It is a great filter, but it's for a fish only tank. I'ts kinda like a wet-dry filter they work awesome , but not nessarily for planted tanks


----------



## Jimbo205 (Feb 2, 2006)

*Nutrafin CO2*

I know that undergravel filters are horrible for planted aquariums.

Which filter is best for a planted aquarium?

Thank you for your suggestions. I will try them.


----------



## skrezyna (Apr 13, 2006)

hey guys,

i just put the Nutrafin natural plant system in my 12g nano but its not doing anything. Zilch. Natta.

I put the sugar, two packetys and luke warm water, put on the cap but its not producing any bubbles. :-x


----------



## youjin (Apr 1, 2006)

Hi skrezyna

This normally do not happen. It should start to bubble latest one day, else, it is really fast (a few hours). Check that there is no leak and that the outlet is placed at the bottom-most ladder.
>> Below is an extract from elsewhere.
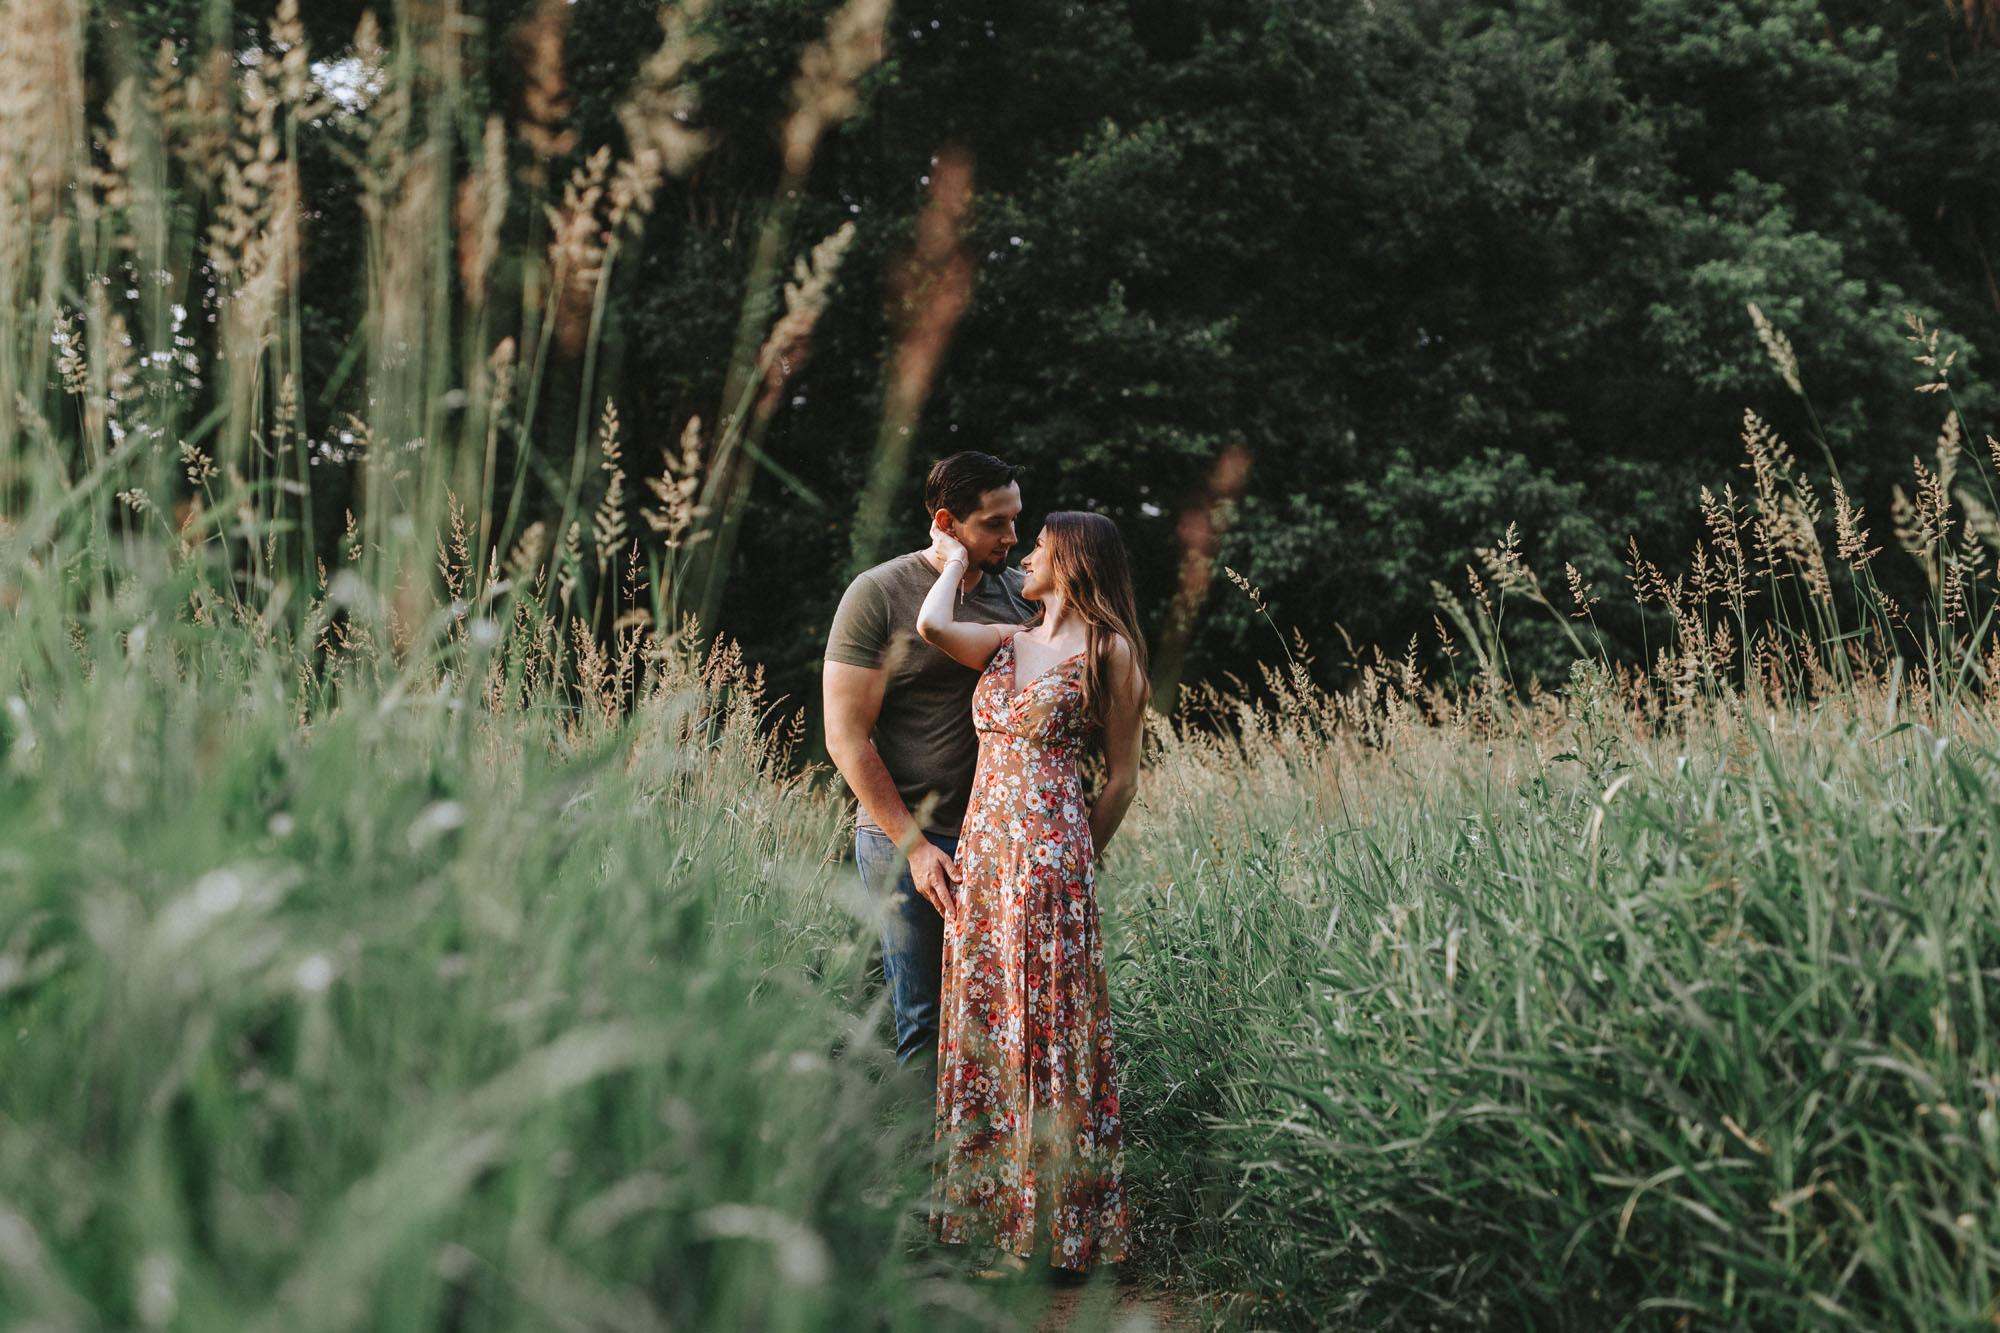 Twisted-Oaks-Studio-Tyler-Park-Engagement-9943.jpg

Make sure there is no break on the tubes. also, make sure that the cap is tighten really well.


----------



## erijnal (Apr 5, 2006)

to put it simply, larger bubble = smaller surface area per volume of co2. that means that even though you have a bigger bubble sitting around, less co2 is actually exposed to the water, and it's not efficiently dissolving at all

also, while the bubble is running through the ladder, it is continuously exposed to more water, which accounts for the "shrinking bubble" effect, whereas the rate of dissolving for a bigger, stationary bubble will be a function of the water circulation by the bubble.

bigger bubble = more co2 in the gaseous form = something your plants can't utilize

hope this clears that up


----------



## skrezyna (Apr 13, 2006)

andrew tan said:


> Hi skrezyna
> 
> This normally do not happen. It should start to bubble latest one day, else, it is really fast (a few hours). Check that there is no leak and that the outlet is placed at the bottom-most ladder. Make sure there is no break on the tubes. also, make sure that the cap is tighten really well.


Andrew,

I think I see bubbles sitting on various stairs on the ladder, this a better sign than nothing as it was before? They arent moving but they ate there... Its been plugged in for maybe a few hours for the first time..


----------



## PascM (Mar 1, 2006)

skrezyna said:


> Andrew,
> 
> I think I see bubbles sitting on various stairs on the ladder, this a better sign than nothing as it was before? They arent moving but they ate there... Its been plugged in for maybe a few hours for the first time..


bubbles should walk on the ladder try to turn the ladder a little so the bubbles should go all the way up but not too fast.


----------